Fernán Morán, presidente de la Lliga
Fernán Morán

Como ellos mismos reconocen “un pueblo que no conoce su historia, no podrá reconocerse a sí mismo”. Preservar las tradiciones, conocer el pasado e identificar cuántas de las cosas que han llegado hasta nuestros días pertenecen a la cultura de nuestros ancestros, es una parte fundamental para conocer nuestra identidad. En ello se centra el trabajo de esta asociación pancéltica que realiza diversas acciones y actividades vinculada a otros grupos similares dispersos por el Arco Atlántico.
Hablamos con Fernán Morán, presidente de la Lliga.
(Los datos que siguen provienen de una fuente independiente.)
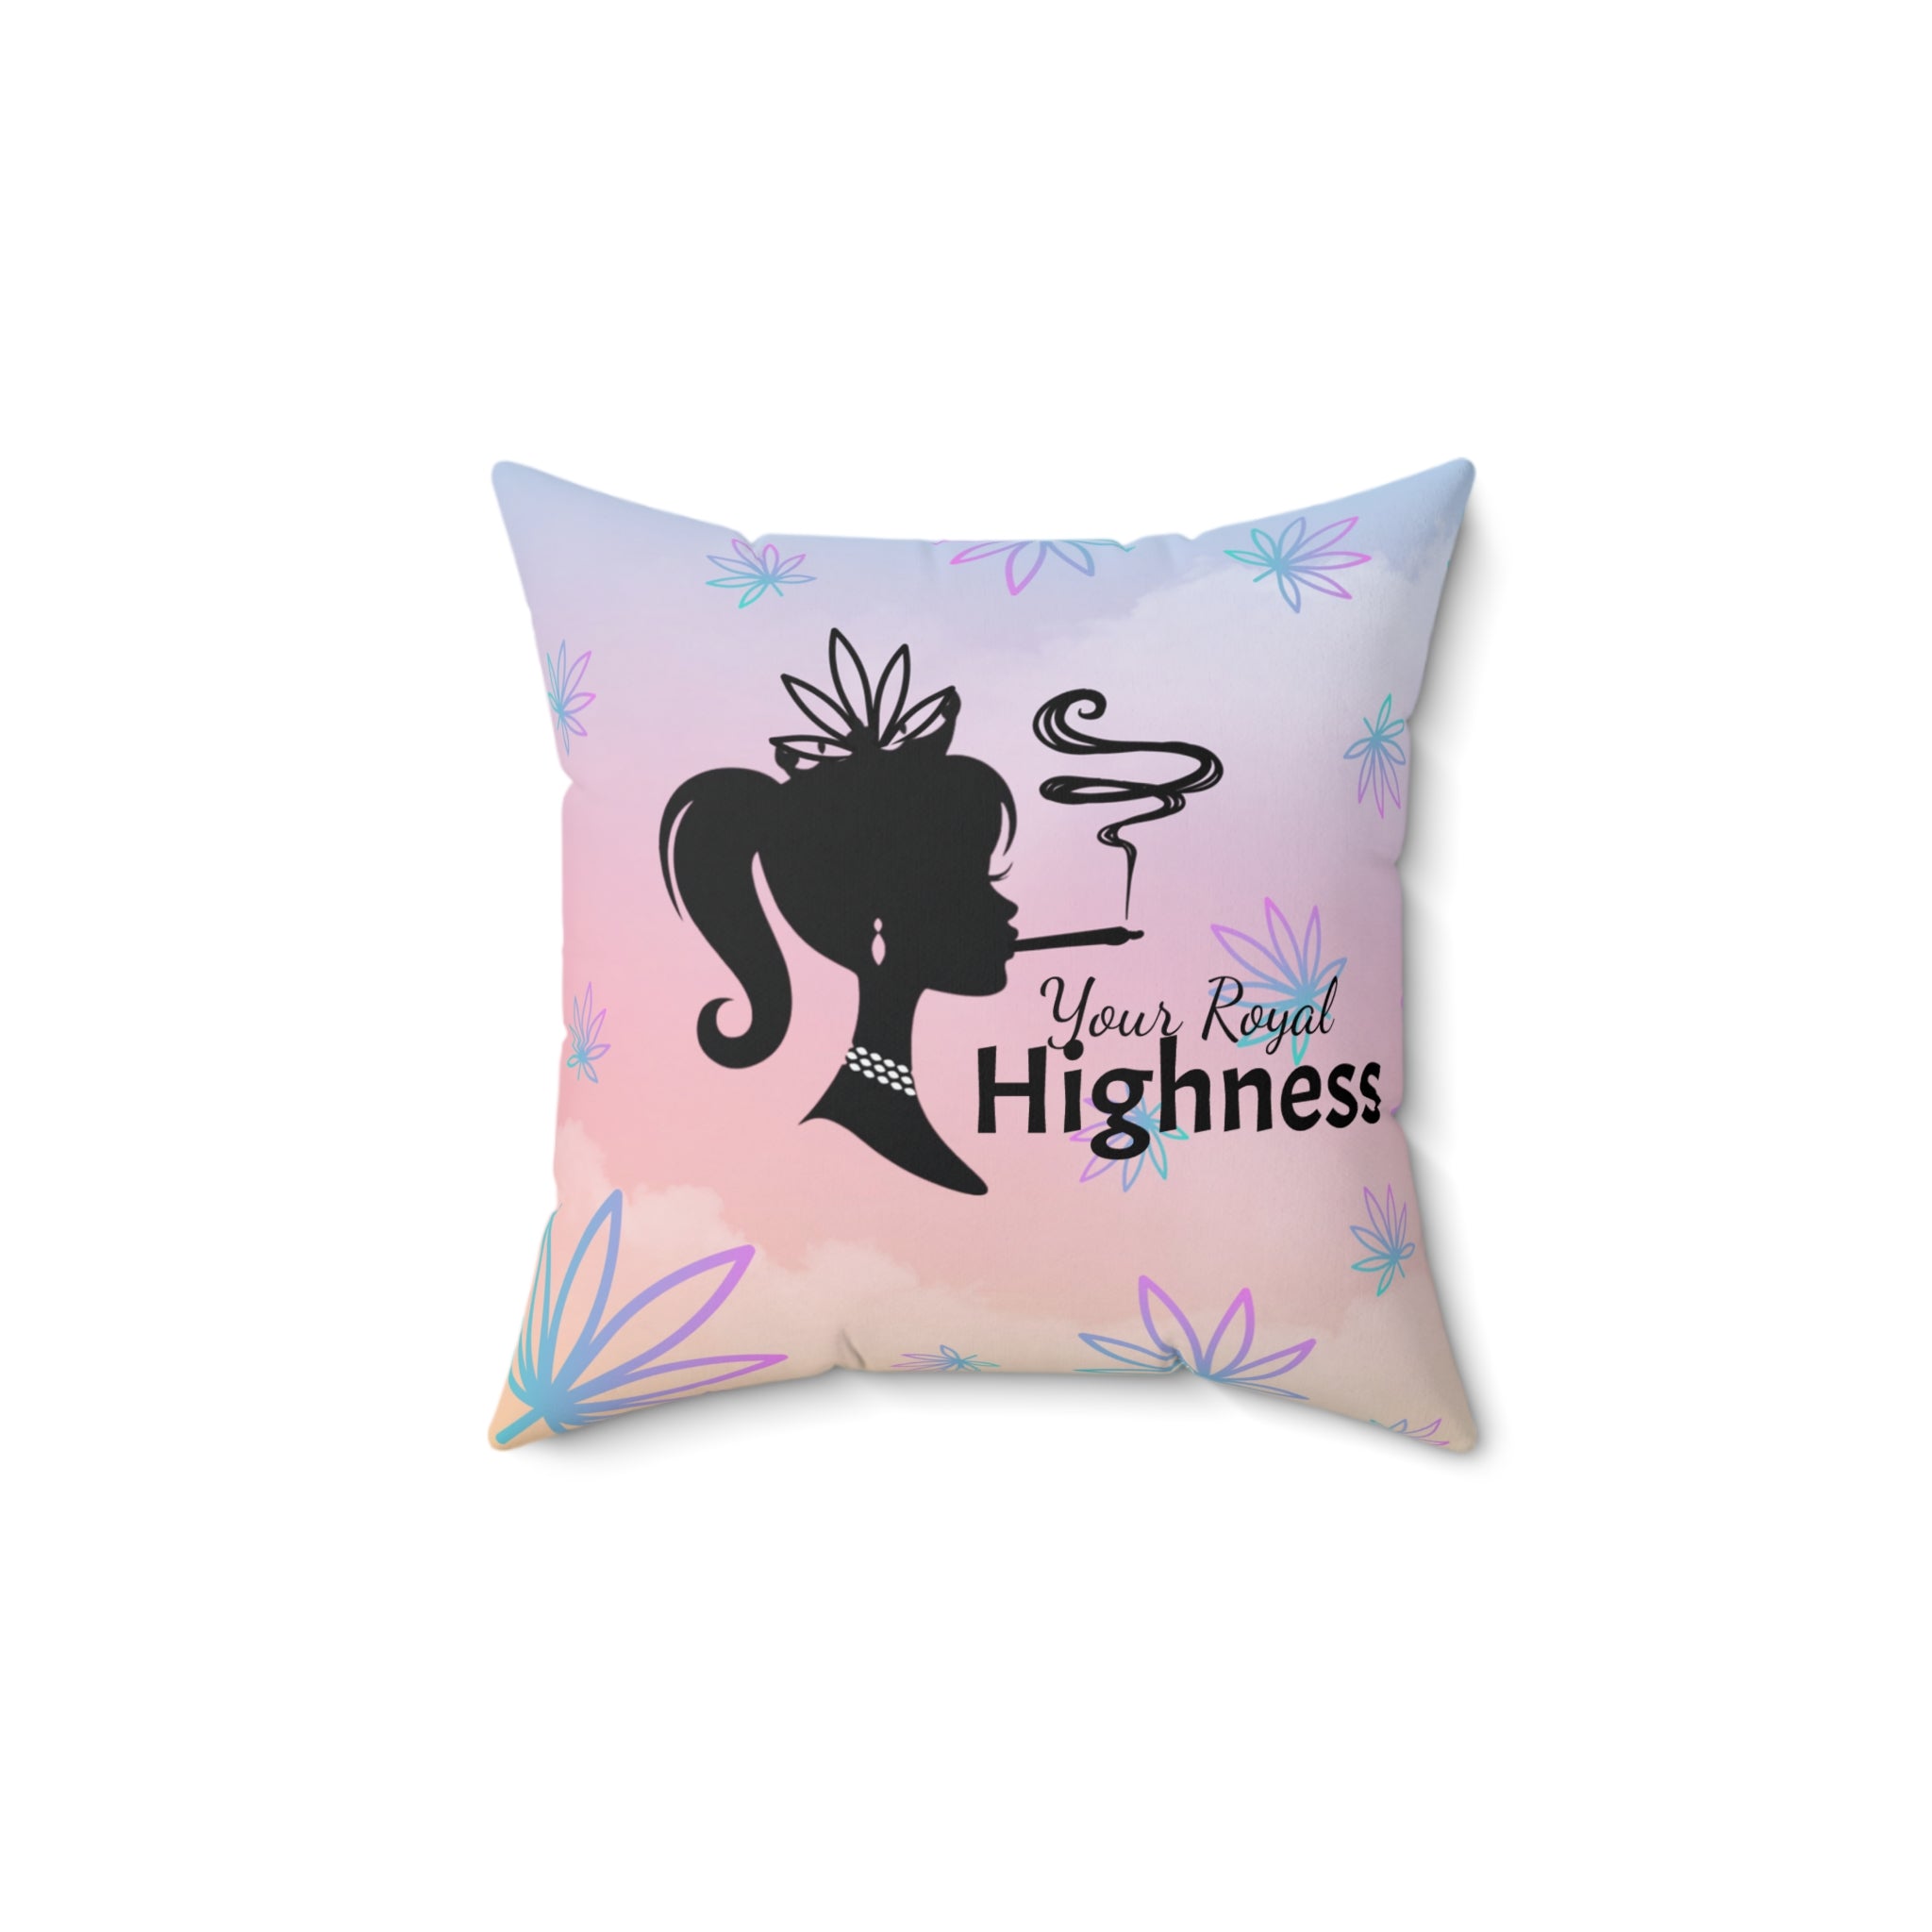 Your Royal Highness Square Pillow Stoner Gift
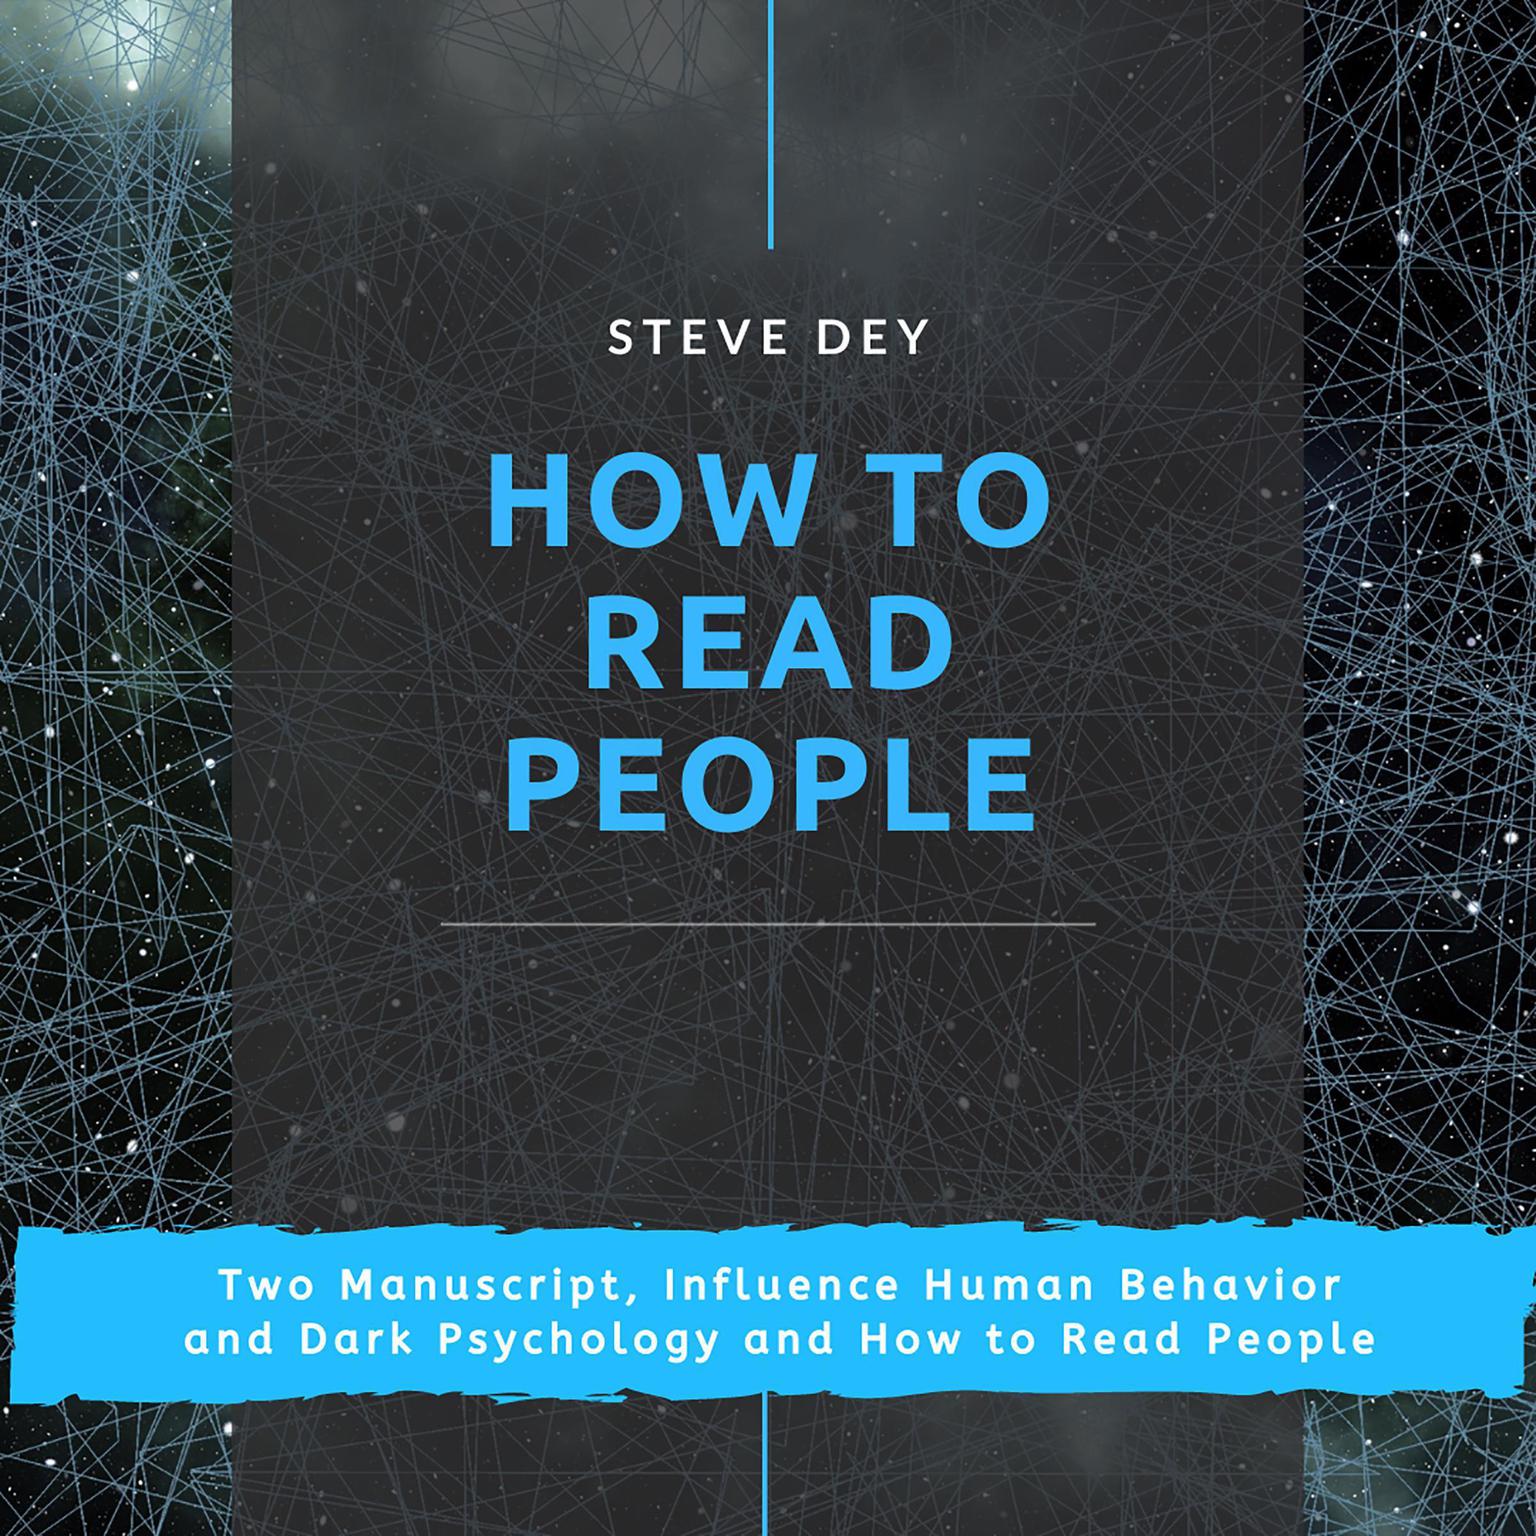 How to Read People: Two Manuscript, Influence Human Behavior and Dark Psychology and How to Read People Audiobook, by Steve Dey

-¿Cómo surgió la Liga Celta de Asturias?
-Durante la época de los 70-80, finalizando la dictadura franquista, empiezan a resurgir corrientes ideológicas centradas en la reafirmación de la identidad atlántica o celto-atlántica que se había perdido durante la dictadura. En Asturias, por su condición Pan céltica y Atlántica, empiezan a surgir colectivos y asociaciones que plantean este tipo de actividad y uno de los que nacen en el año 81, es la Liga Celta de Asturias que, en un principio, eran cinco personas que desarrollaron distintos proyectos. Por un lado, publican la revista ASTOR en la que se intenta, a través de diversas colaboraciones, ofrecer una visión pluridisciplinar de la cultura e identidad asturiana. Al mismo tiempo se hace un guiño a otras regiones/naciones del Arco Atlántico, con parámetros socioculturales análogos con Asturias como pueden ser Bretaña, Gales, Cornualles, Isla de Man, Escocia, Galicia o Irlanda y alguna otra zona de la península ibérica con la que existe cierta correlación cultural o lingüística. Se comienza con un proceso de inclusión de Asturias en la Celtic League que es una organización internacional que se encarga de homogenizar y/o coordinar y apoyar acciones, reivindicaciones socioculturales, políticas y económicas de todas las naciones celtas del Arco Atlántico.

“La Celtic League es una organización internacional que se encarga de homogenizar y/o coordinar y apoyar acciones, reivindicaciones socioculturales, políticas y económicas de todas las naciones celtas del Arco Atlántico”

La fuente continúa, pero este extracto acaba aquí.